Capra (2002) diz que apesar do conhecimento ser gerado pelo indivíduo, existe, por meio de interações sociais, uma transformação do conhecimento tácito em explícito. E, Nonaka e Takeuchi (1997) aduzem que a hipótese do conhecimento ser criado por meio da interação entre o conhecimento tácito (experiências e insights) e o conhecimento explícito (registrados em documentos, disponibilizados em mídias ou em manuais) permite assentar quatro modos diferentes de conversão do conhecimento.

Tais modos implicam a socialização (de conhecimento tácito em conhecimento tácito); externalização (de conhecimento tácito em conhecimento explícito); combinação (de conhecimento

explícito em conhecimento explícito); e a internalização (de conhecimento explícito em conhecimento tácito). Sendo que, a socialização dá origem ao ‘conhecimento compartilhado’; a externalização gera o ‘conhecimento conceitual’; a combinação origina o ‘conhecimento sistêmico’ e a internalização produz ‘conhecimento operacional’.

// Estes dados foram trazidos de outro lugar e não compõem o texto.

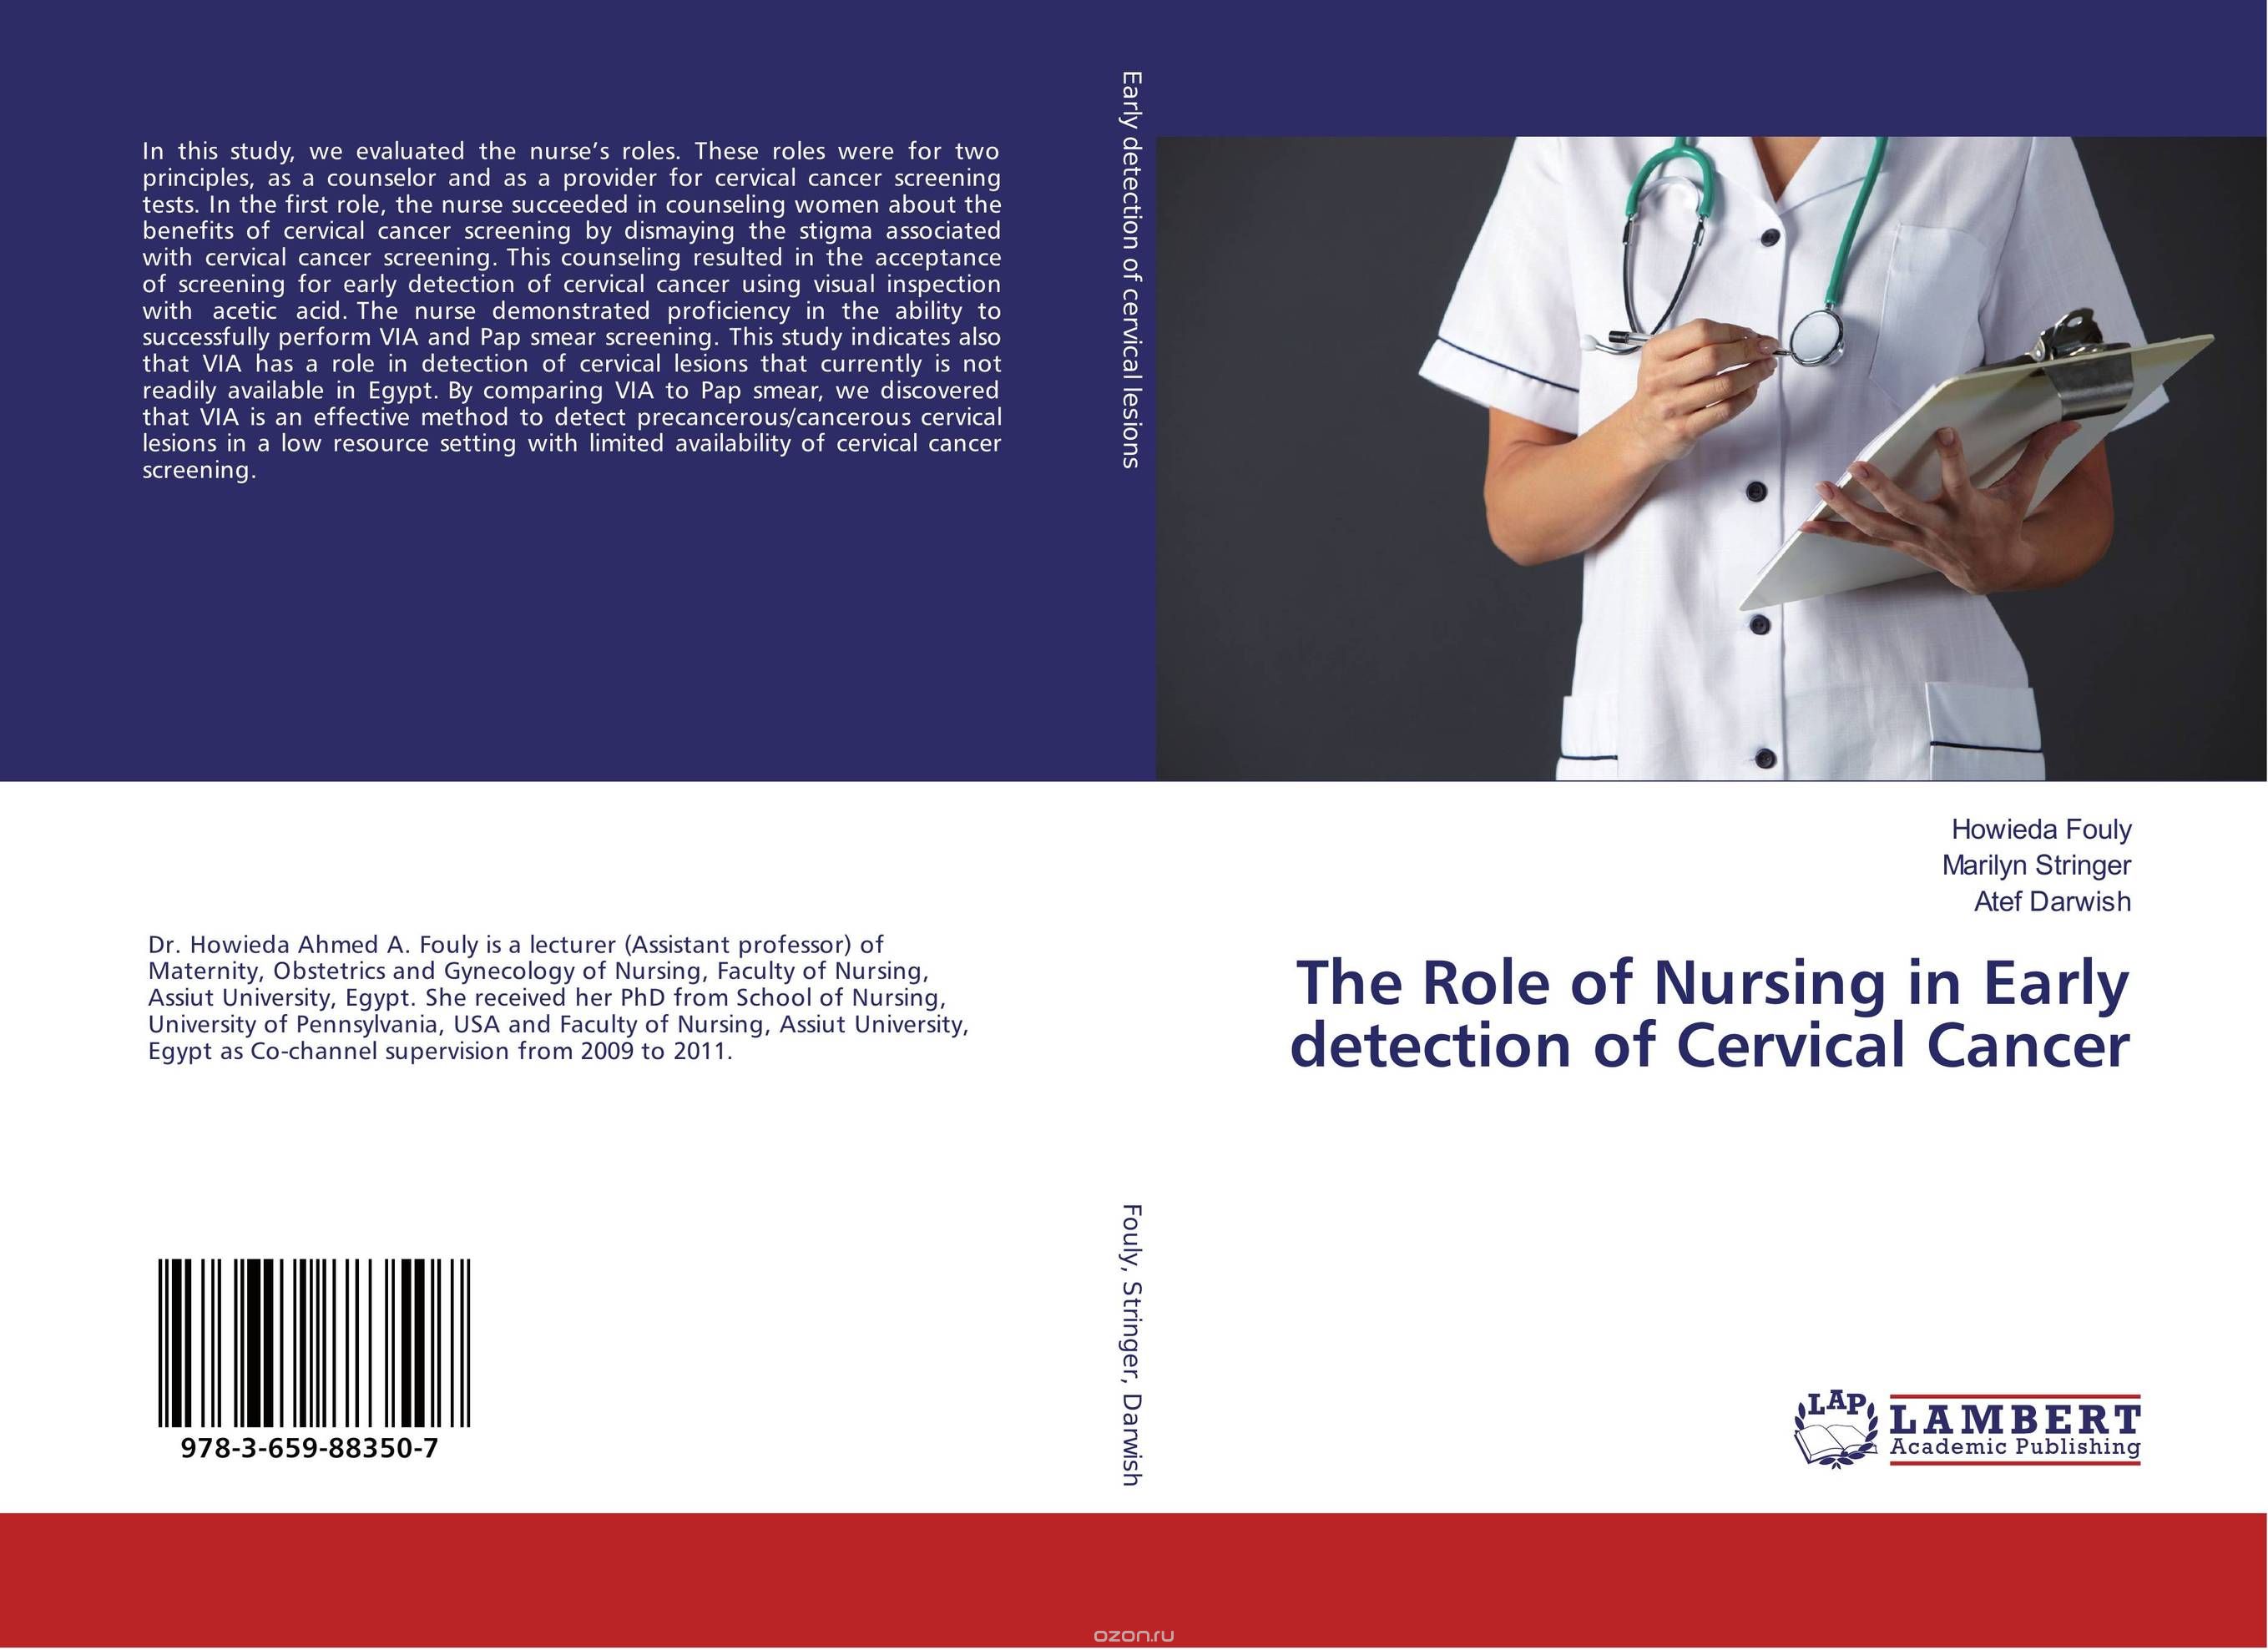 Скачать книгу "The Role of Nursing in Early detection of Cervical Cancer"
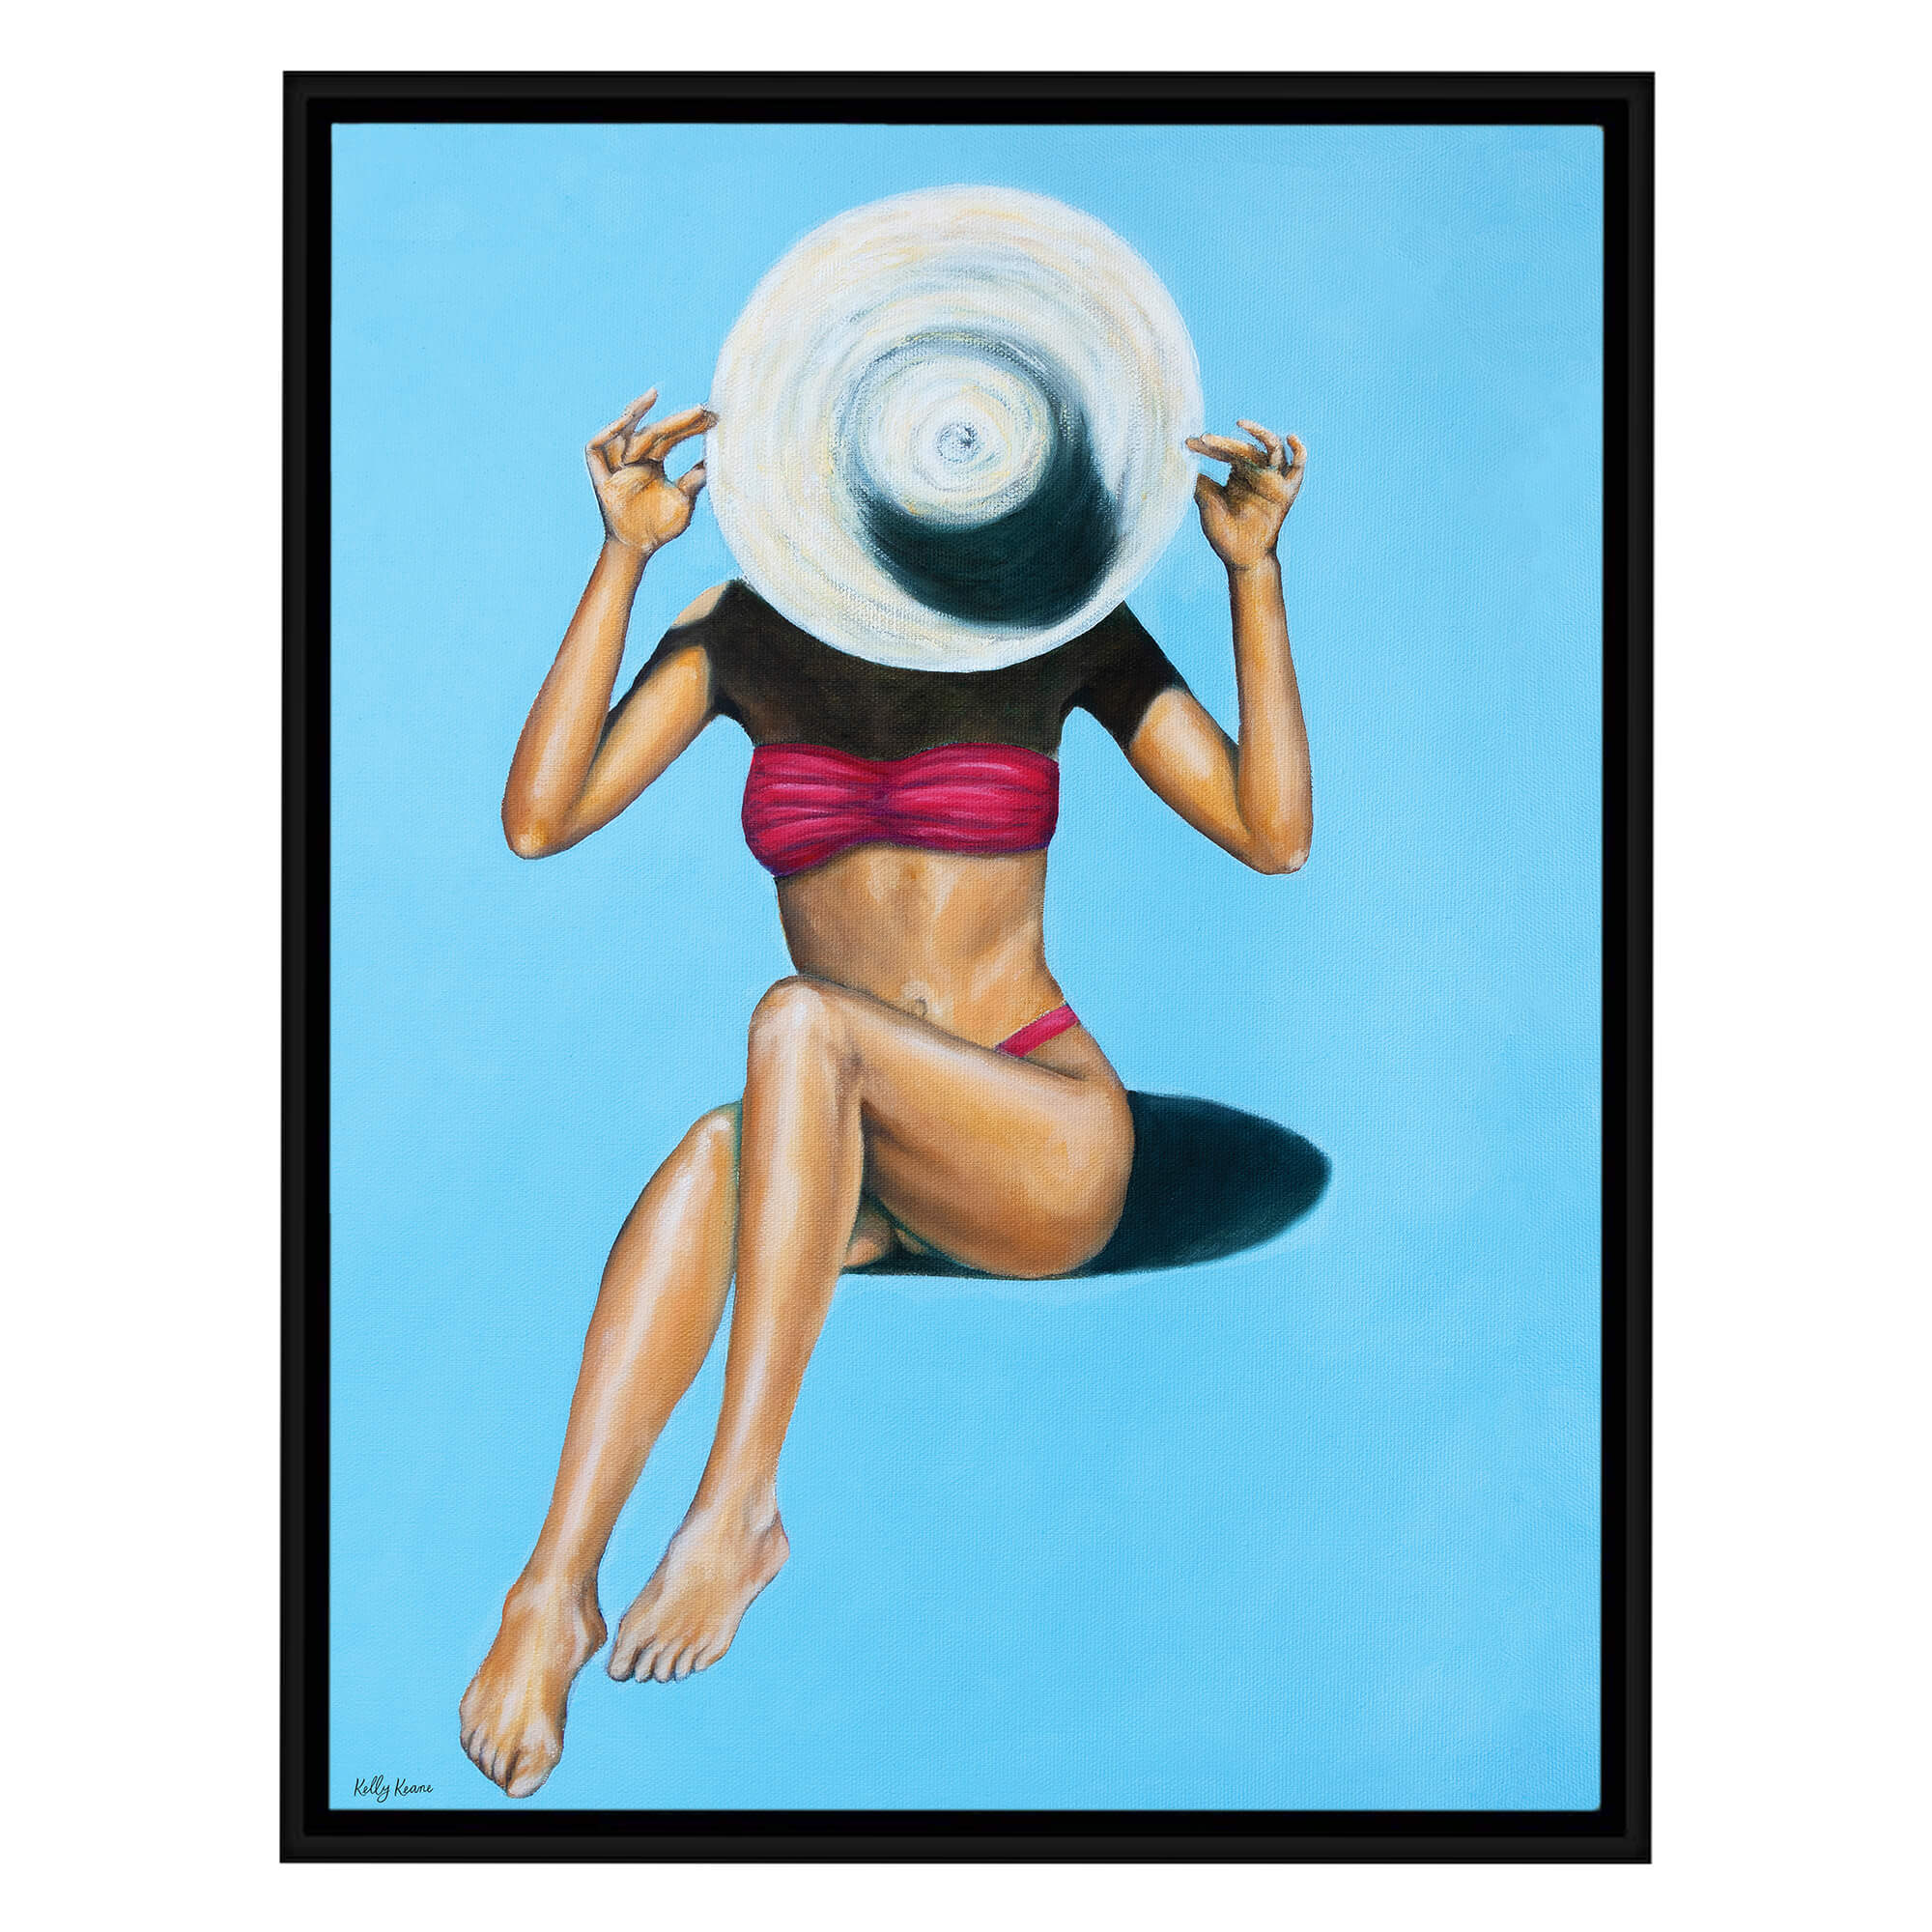 Canvas art print featuring a woman sitting with sky blue background by Hawaii artist Kelly Keane

Desta forma, nas audiências públicas do processo participativo para elaboração de planos diretores, não apenas o conhecimento técnico é transmitido para a população (internalização), como dela advém um conhecimento comunitário de fundamental relevância, que deveria ser recolhido pela administração pública (externalização).

Trata-se da cultura oral, que é o conhecimento transmitido do mestre para o discípulo e acumulado pelas populações locais. Quando, por exemplo, um pescador informa que o local escolhido para a instalação de um emissário submarino não é o mais apropriado em razão da ocorrência de marés e correntes não detectadas pelos estudos científicos, está-se diante de um conhecimento tácito por vezes superior ao explícito, mas certamente complementar e, raramente, antagônico.

Assim, a apropriação do conhecimento comunitário no âmbito das audiências públicas mostra-se relevante e, para tanto, não apenas as técnicas da gestão, mas os artefatos da engenharia do conhecimento16 desempenham papel

fundamental. Adequadamente gerenciado, o conhecimento pode tornar-se um elemento decisivo no esforço de prevenção de conflitos e construção de consensos. Identificadas as lacunas e elencadas as questões pertinentes ao tema, emerge a questão de pesquisa.